→ TASK OBJECTIVE
The data below should be copied out exactly, with its pictures omitted.

→ GIVEN INFORMATION
☆ ☆ ☆
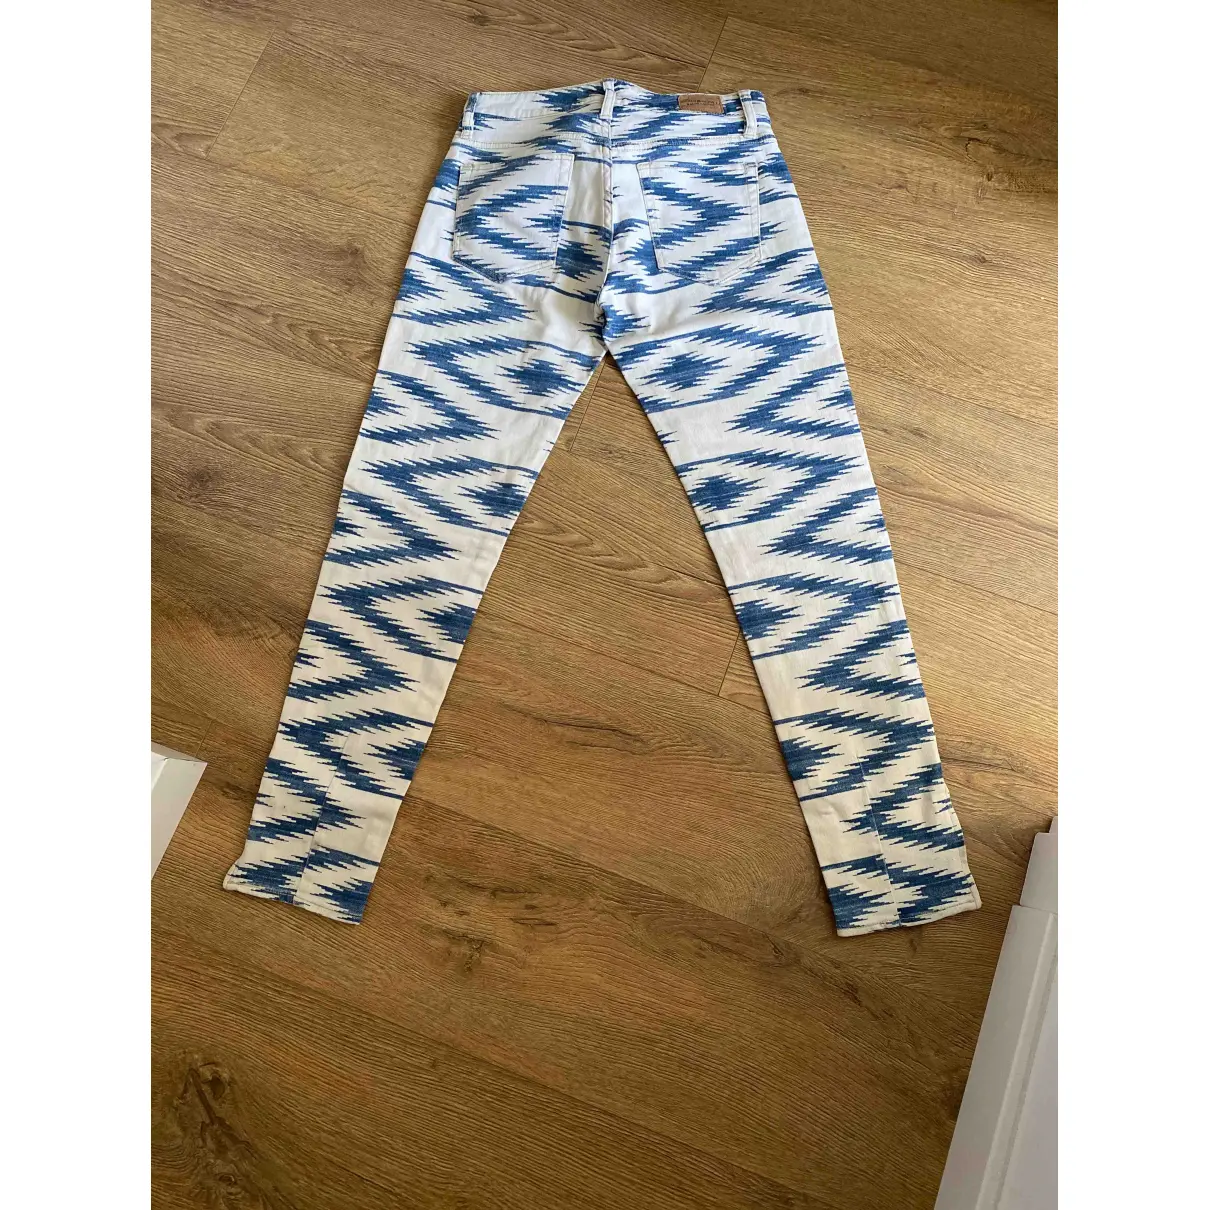 Buy Ralph Lauren Denim & Supply Large pants online
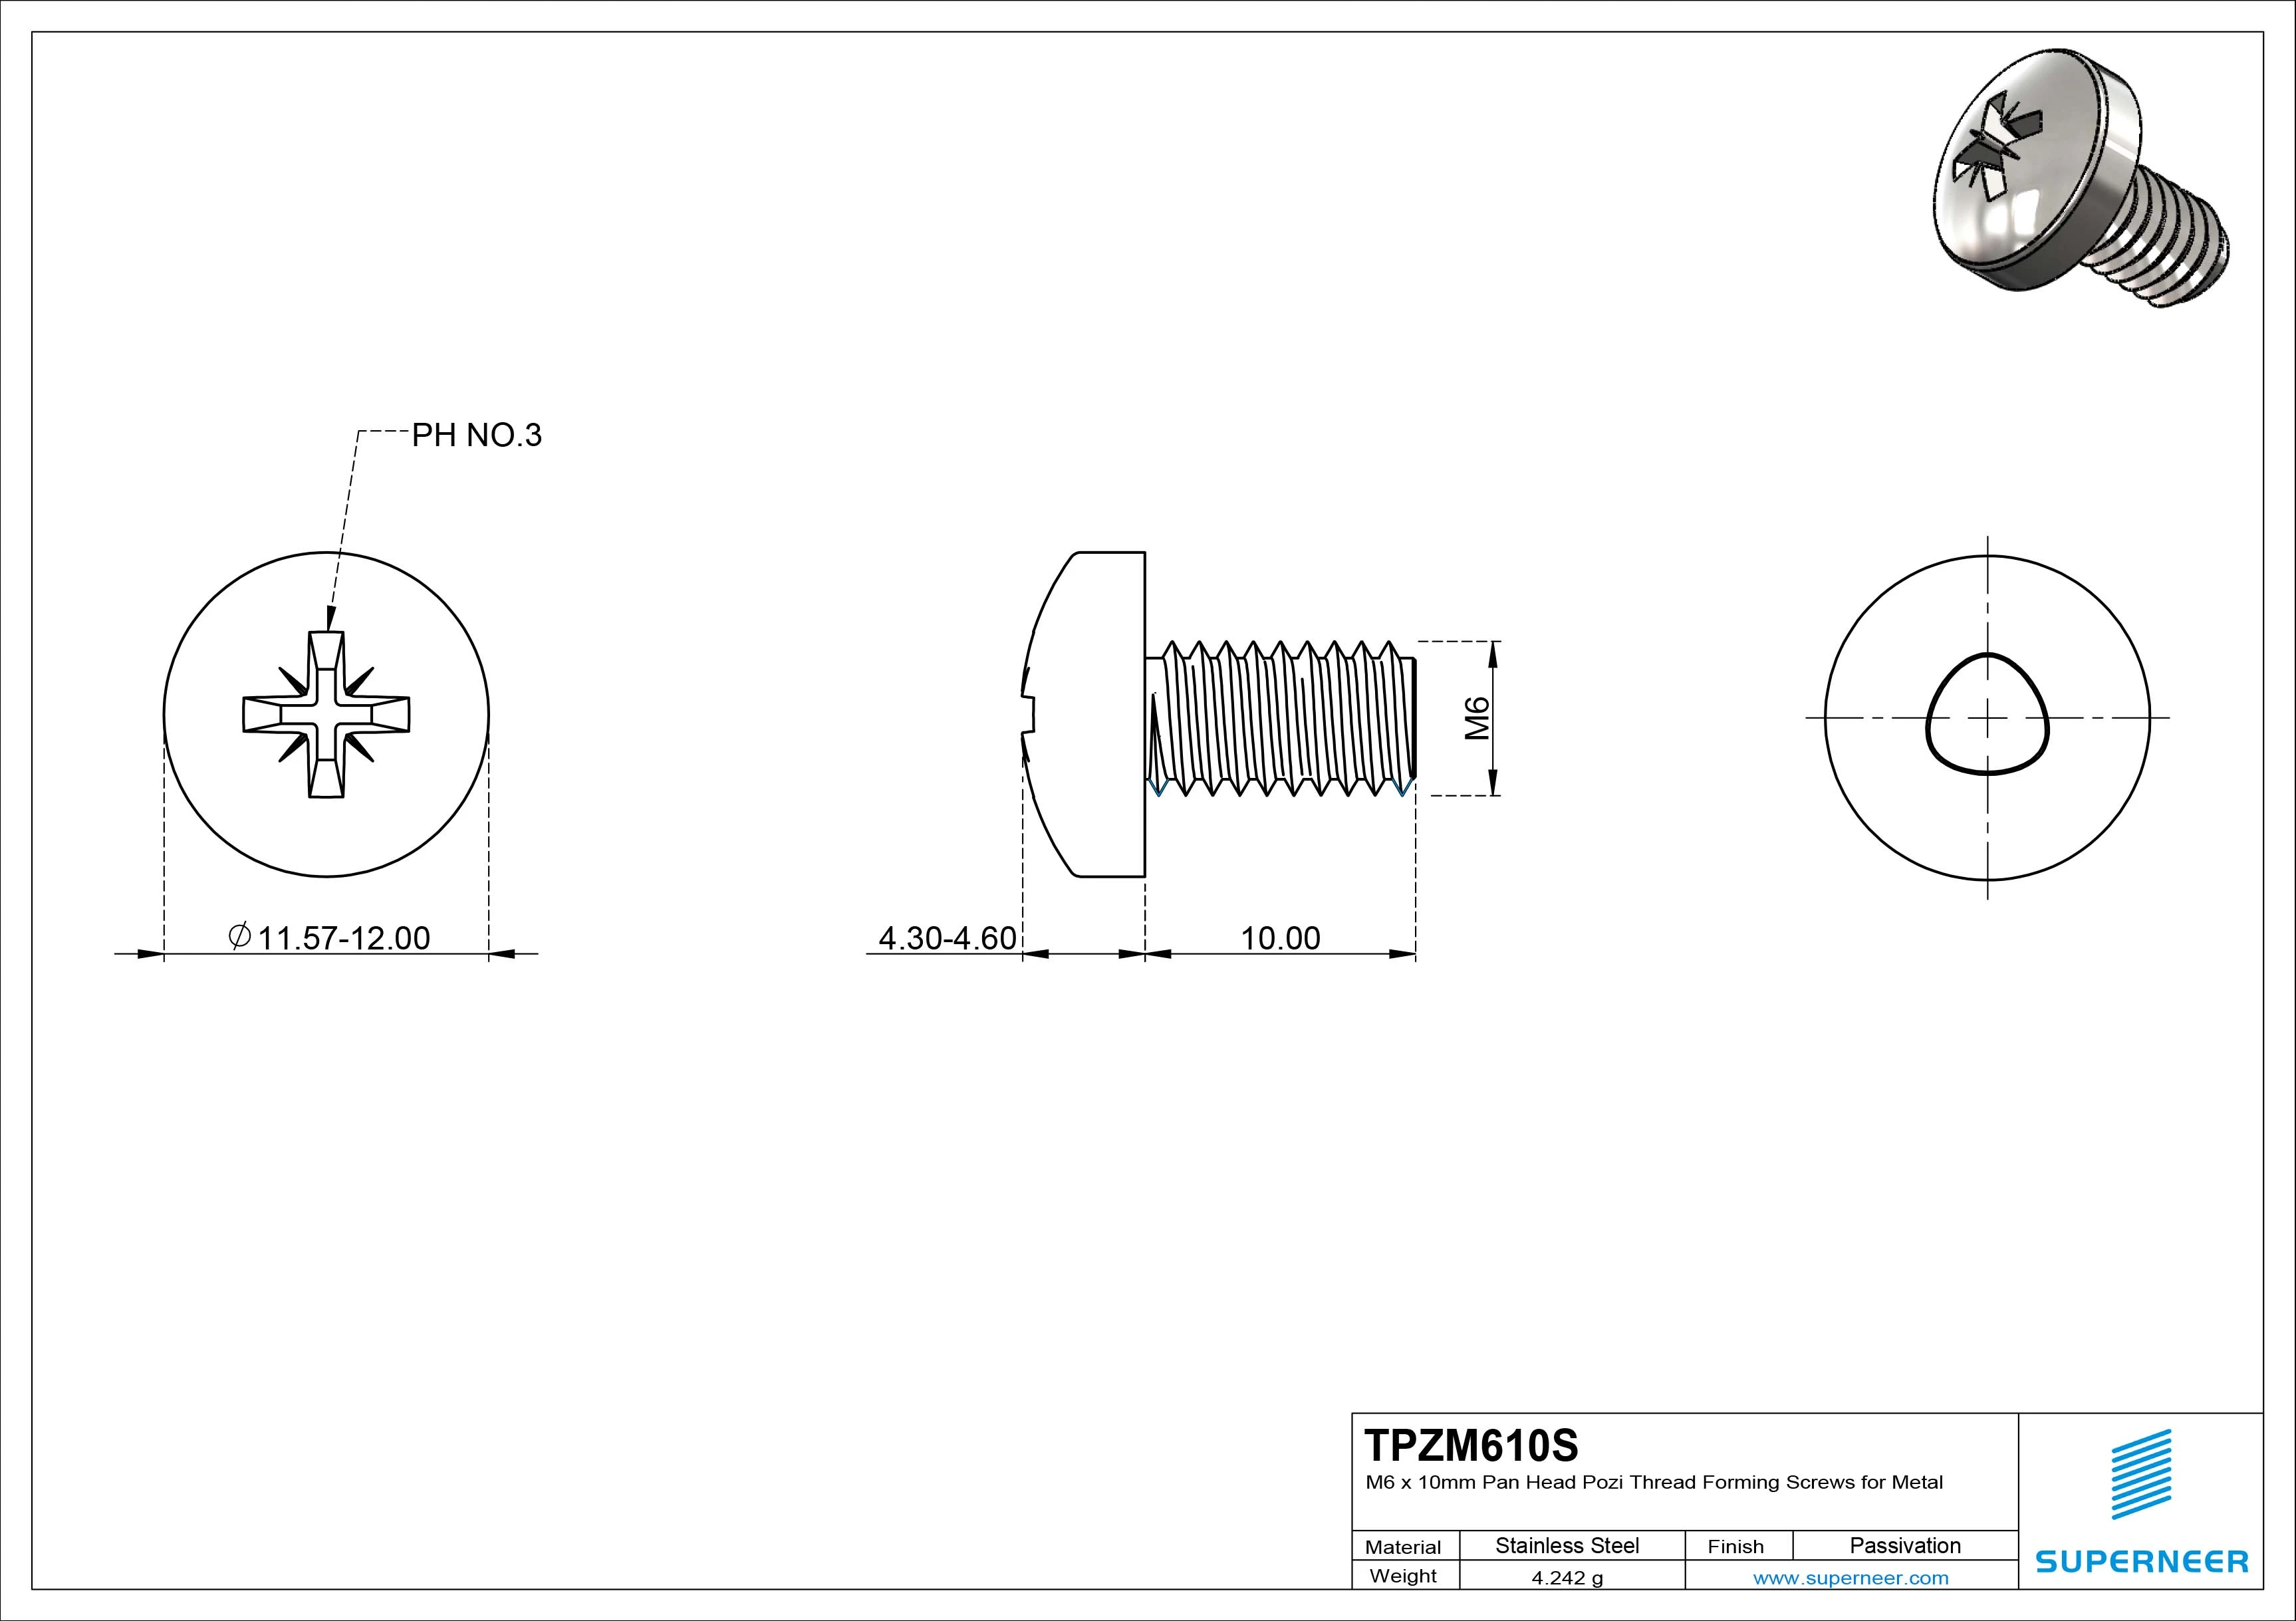 M6 × 10mm Pan Head Pozi Thread Forming Screws for Metal SUS304 Stainless Steel Inox
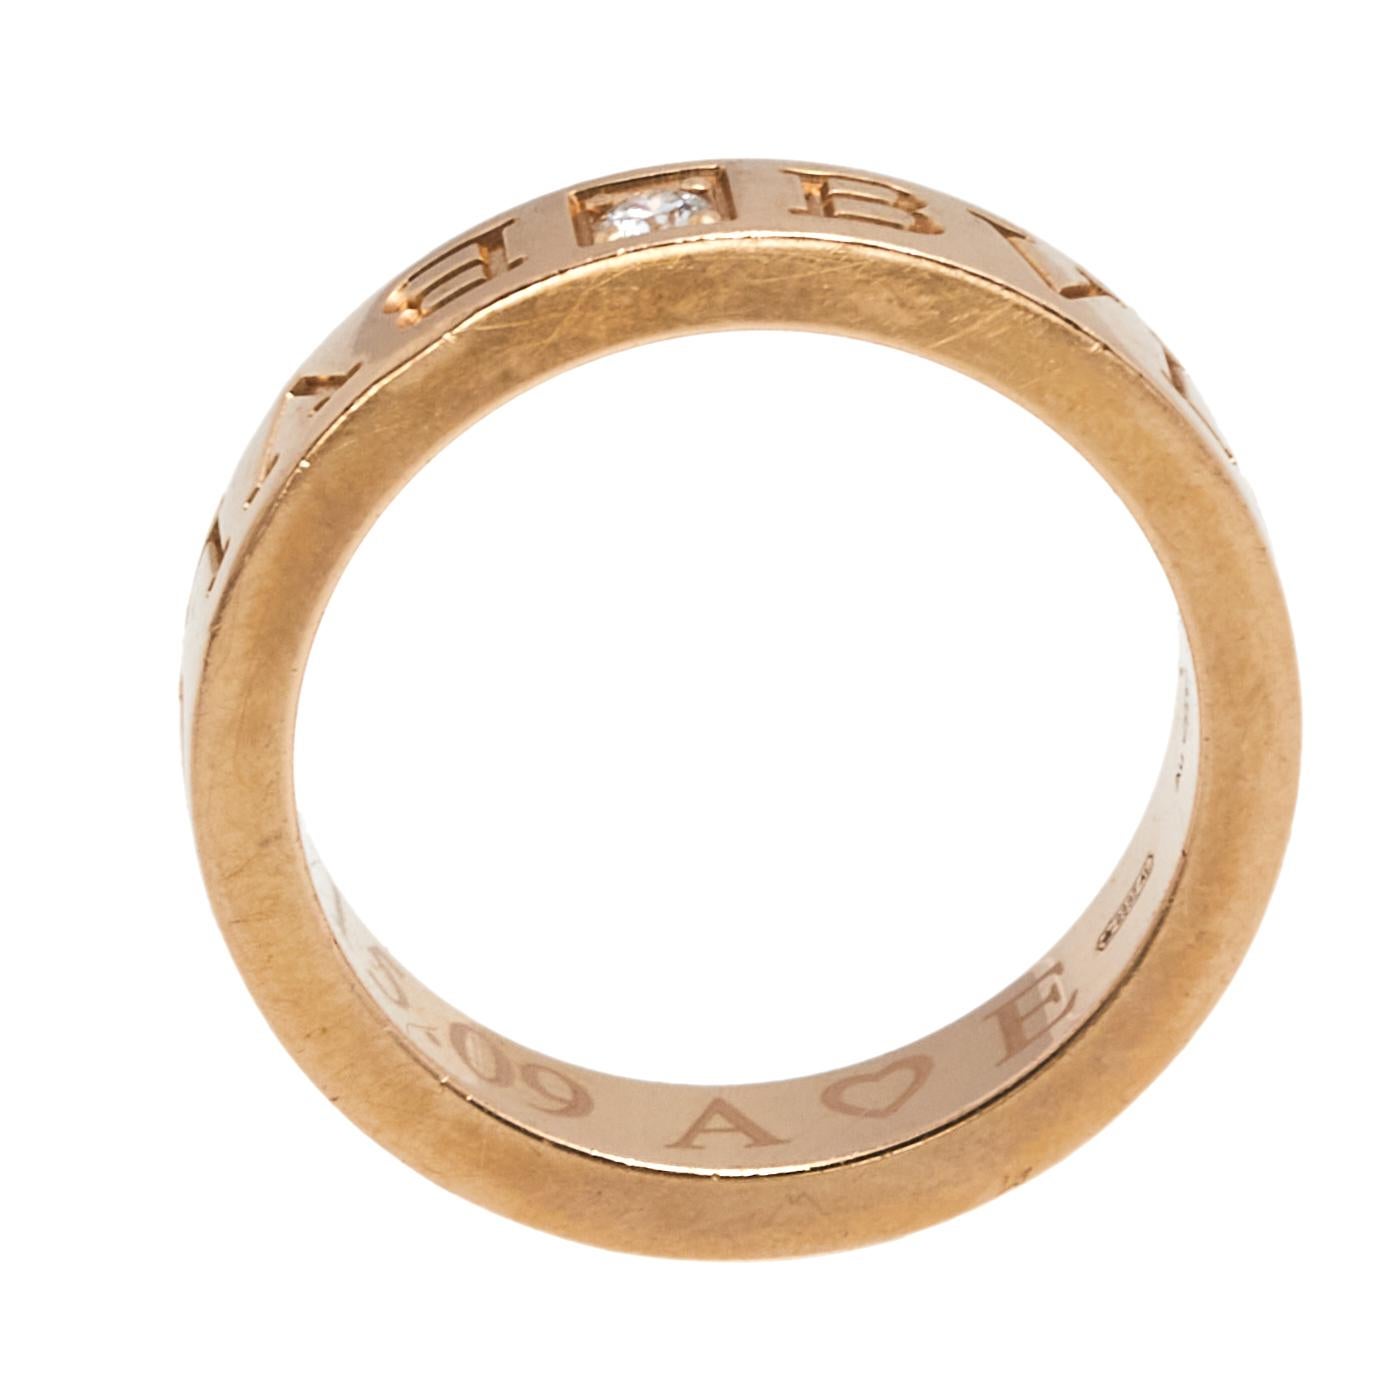 Bvlgari Bvlgari Diamond 18k Rose Gold Band Ring Size 51 1
☆ ☆ ☆
→ SOLUTION TO THIS EXERCISE
 Buy Ralph Lauren Denim & Supply Large pants online
 M6 × 10mm Pan Head Pozi Thread Forming Screws for Metal SUS304 Stainless Steel Inox
 Bvlgari Bvlgari Diamond 18k Rose Gold Band Ring Size 51 1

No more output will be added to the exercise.